/tor-universe-crawler

Fast, highly configurable, distributed dark web crawler designed to run on the cloud.

Primary LanguageGoGNU General Public License v3.0GPL-3.0

Bathyscaphe dark web crawler

CI

Bathyscaphe is a Go written, fast, highly configurable, cloud-native dark web crawler.

How to start the crawler

Without tor bridges

Execute the ./scripts/docker/start.sh and wait for all containers to start. You can start the crawler in detached mode by passing --detach to start.sh

Ensure that image dperson/torproxy:latest is used in docker-compose.yml in deployments/docker.

# torproxy:
#   image: torproxy:Dockerfile
#   logging:
#     driver: none
torproxy:
  image: dperson/torproxy:latest
  logging:
    driver: none

With tor bridges

cd build/tor-proxy/. Then edit the torrc file to add tor bridges.

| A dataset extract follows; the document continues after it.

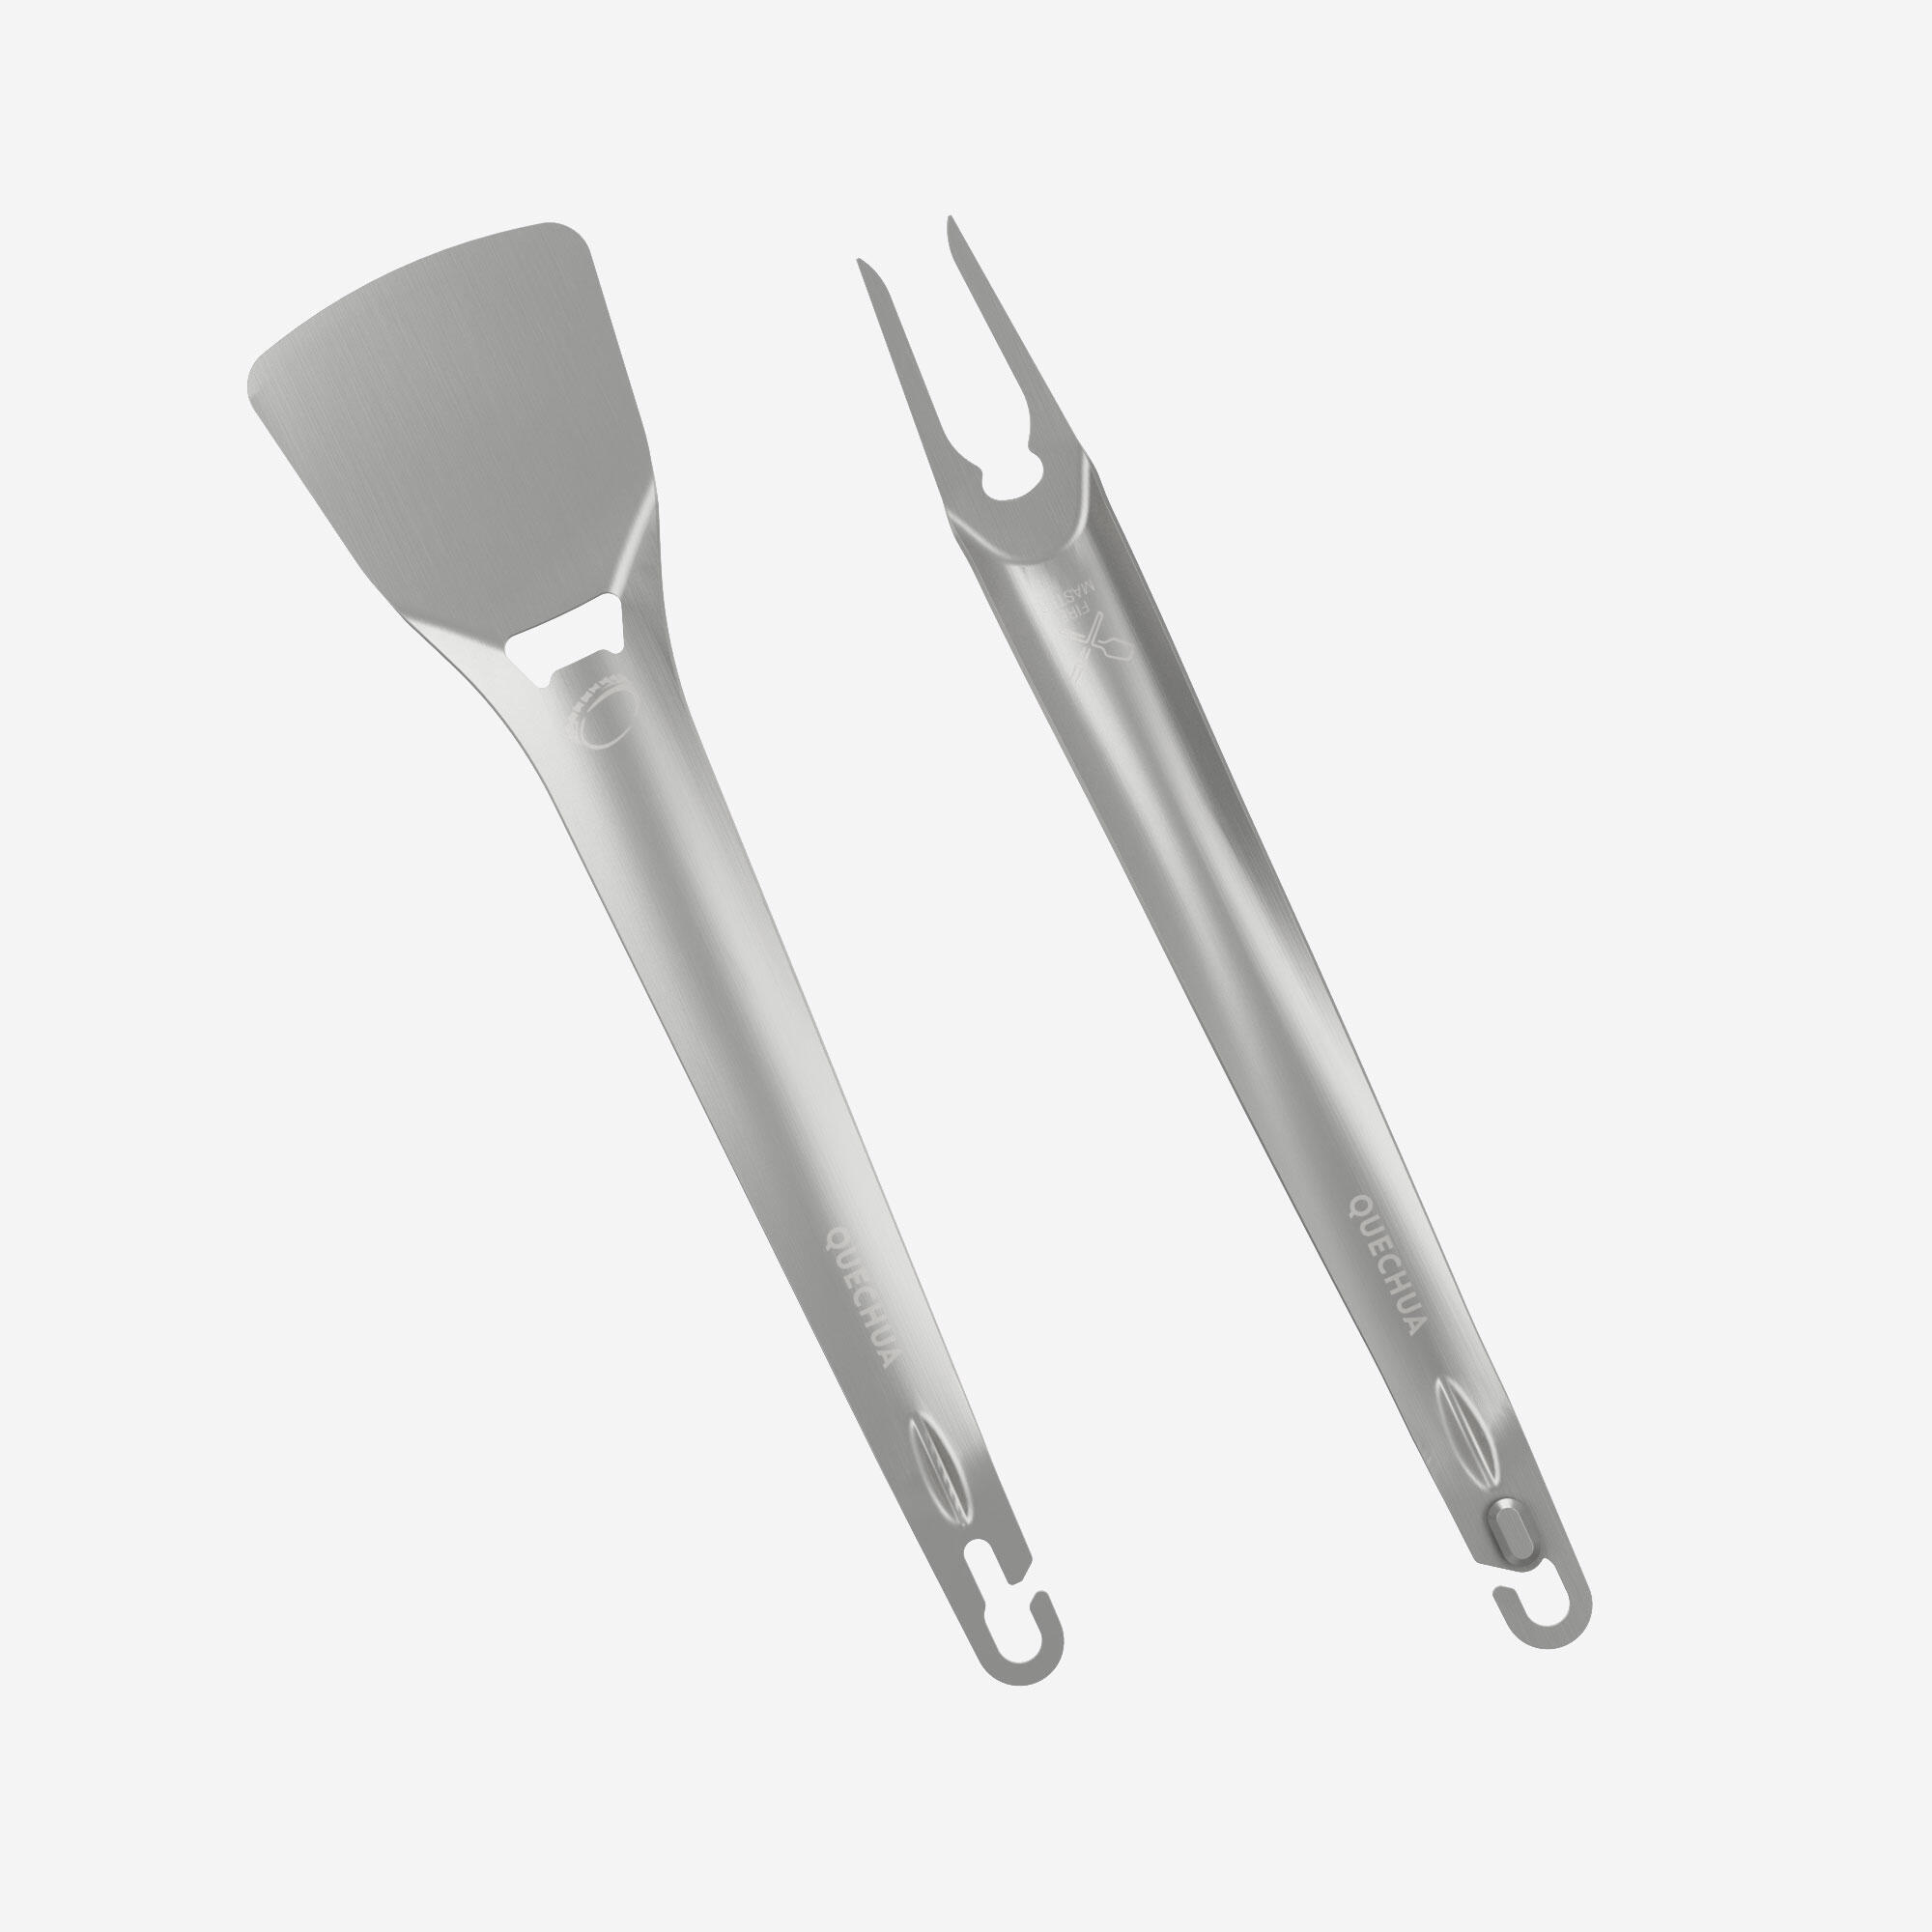 Set of 2 stainless-steel utensils, spatula and fork, for camping 5/5

Tor bridges configurations can be found in tor-browser_en-US/Browser/TorBrowser/Data/Tor/torrc.

Execute docker build -t "torproxy:Dockerfile" . to build the image locally.

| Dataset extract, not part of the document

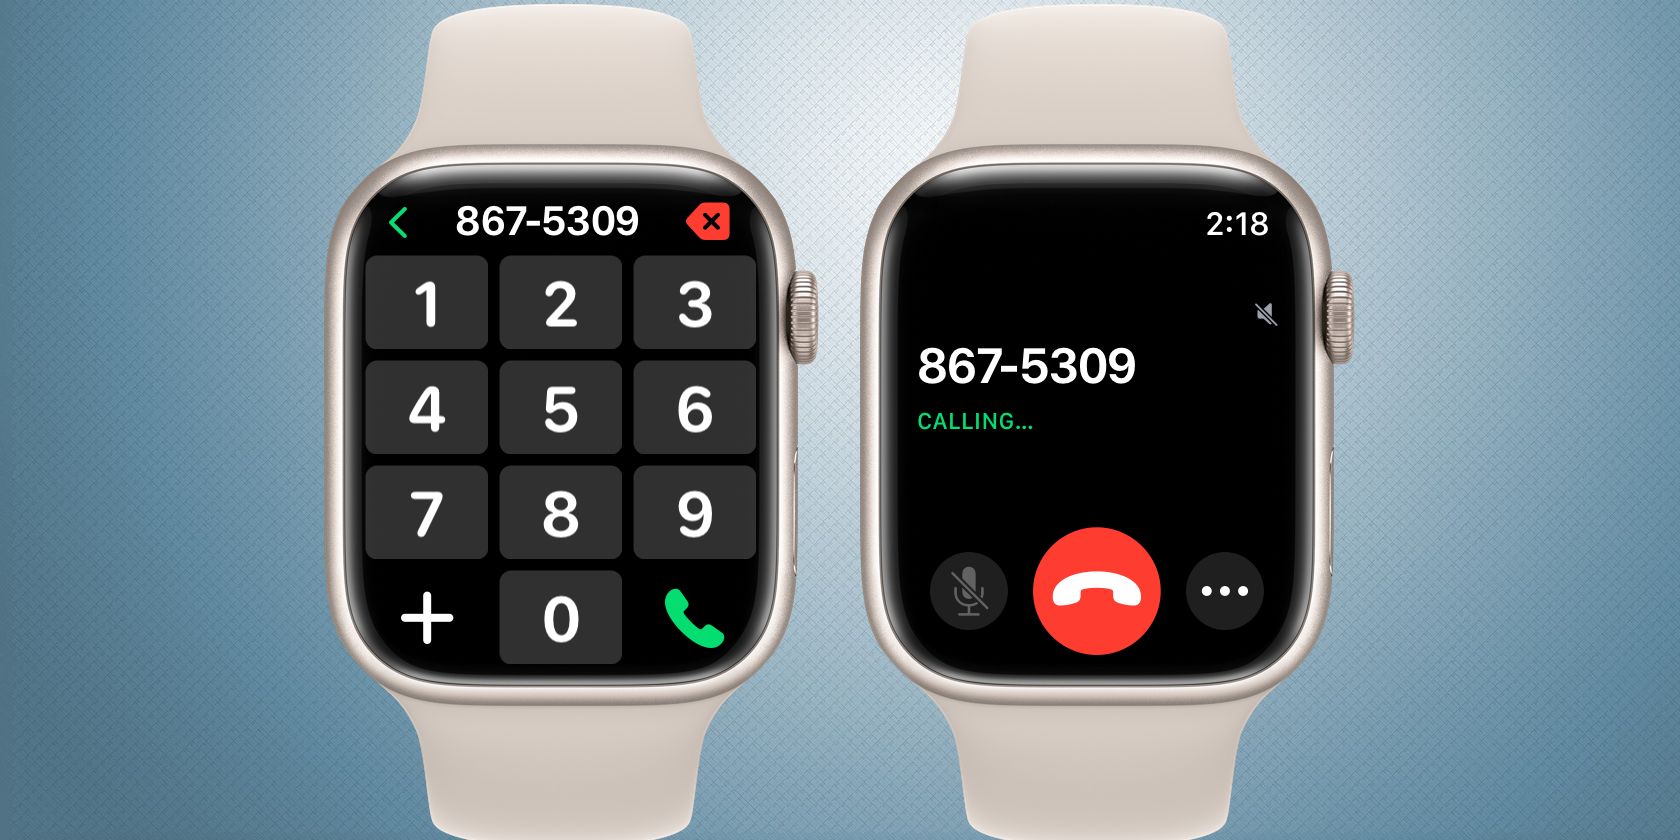 Will the Apple Watch call 911 if your heart stops? - Quora

Then modify docker-compose.yml in deployments/docker.

# replace dperson/torproxy with torproxy built locally from niruix/tor
torproxy:
  image: torproxy:Dockerfile
  logging:
    driver: none
# torproxy:
#   image: dperson/torproxy:latest
#   logging:
#     driver: none

Start the crawler

./scripts/docker/start.sh

Note

  • You can start the crawler in detached mode by passing --detach to start.sh.
  • Ensure you have at least 3 GB of memory as the Elasticsearch stack docker will require 2 GB.

How to store ElasticSearch data in a specific folder

Modify the docker-compose.yml file. Replace the named volume with path to the folder.

elasticsearch:
  image: elasticsearch:7.5.1
  logging:
    driver: none
  environment:
    - discovery.type=single-node
    - ES_JAVA_OPTS=-Xms2g -Xmx2g
  volumes:
    - /mnt/NAStor-universe/esdata:/usr/share/elasticsearch/data

How to initiate the crawling process

One can use the RabbitMQ dashhboard available at RabbitMQ, and publish a new JSON object in the crawlingQueue.

The object should look like this:

{"url": "http://torlinkbgs6aabns.onion/"}

Multiple URLs can be published automatically using rabbitmqadmin.

Go to http://{hostname}:15672/cli/rabbitmqadmin to download rabbitmqadmin.

Then sudo chmod +x rabbitmqadmin, sudo cp rabbitmqadmin /usr/local/bin.

Finally run ./publish.sh to publish seed URLs.

How to speed up crawling

If one want to speed up the crawling, he can scale the instance of crawling component in order to increase performance.

This may be done by issuing the following command after the crawler is started:

./scripts/docker/start.sh --scale crawler=10 --scale indexer-es=2 --scale scheduler=4

How to view results

Using kibana

You can use the Kibana dashboard.

You will need to create an index pattern named 'resources', and when it asks for the time field, choose 'time'.

How to connect to docker containers

docker exec -it <docker container name> bash

How to kill all docker containers

docker container kill $(docker ps -q)

How to export data from ElasticSearch DB to a file

Install elasticdump

elasticdump --input=http://[elasticsearch-url]:9200/resources --output=[file_path]/universe.json --limit 500 --concurrency 20 --concurrencyInterval 1 --type=data --max-old-space-size=16384
elasticdump --input=http://172.18.0.3:9200/resources --output=/home/justin/Public/universe_data/universe-mar-26.json --limit 500 -concurrency 20 --concurrencyInterval 1 --type=data --max-old-space-size=16384

How to build your own crawler

If you've made a change to one of the crawler component and wish to use the updated version when running start.sh you just need to issue the following command:

goreleaser --snapshot --skip-publish --rm-dist

This will rebuild all images using local changes. After that just run start.sh again to have the updated version running.

Example:

How to deal with Error (FORBIDDEN/12/index read-only / allow delete (api)])

PUT _settings
{
  "index": {
    "blocks": {
    "read_only_allow_delete": "false"
    }
  }
}

How to analyse the universe

Run universe-mining.ipynb for general analysis and classification.ipynb for domain classification.

Install dependencies using conda

conda install -c anaconda py-xgboost

Build a Neural Network for classification

Download training dataset

First download the labelled darknet addresses provided in DUTA_10K.xls by GVIS.

cd page-downloader/
python3 downloader.py

The downloaded webpages are in data/universe-labelled

POST http://172.23.0.3:9200/v1/resources/_delete_by_query { "query": { "match": { "url":"http://torlinkbgs6aabns.onion" } } }

POST /resources/_delete_by_query { "query": { "match": { "url":"http://torlinkbgs6aabns.onion" } } }

Classify darknet websites

All classifiers are in the classification folder.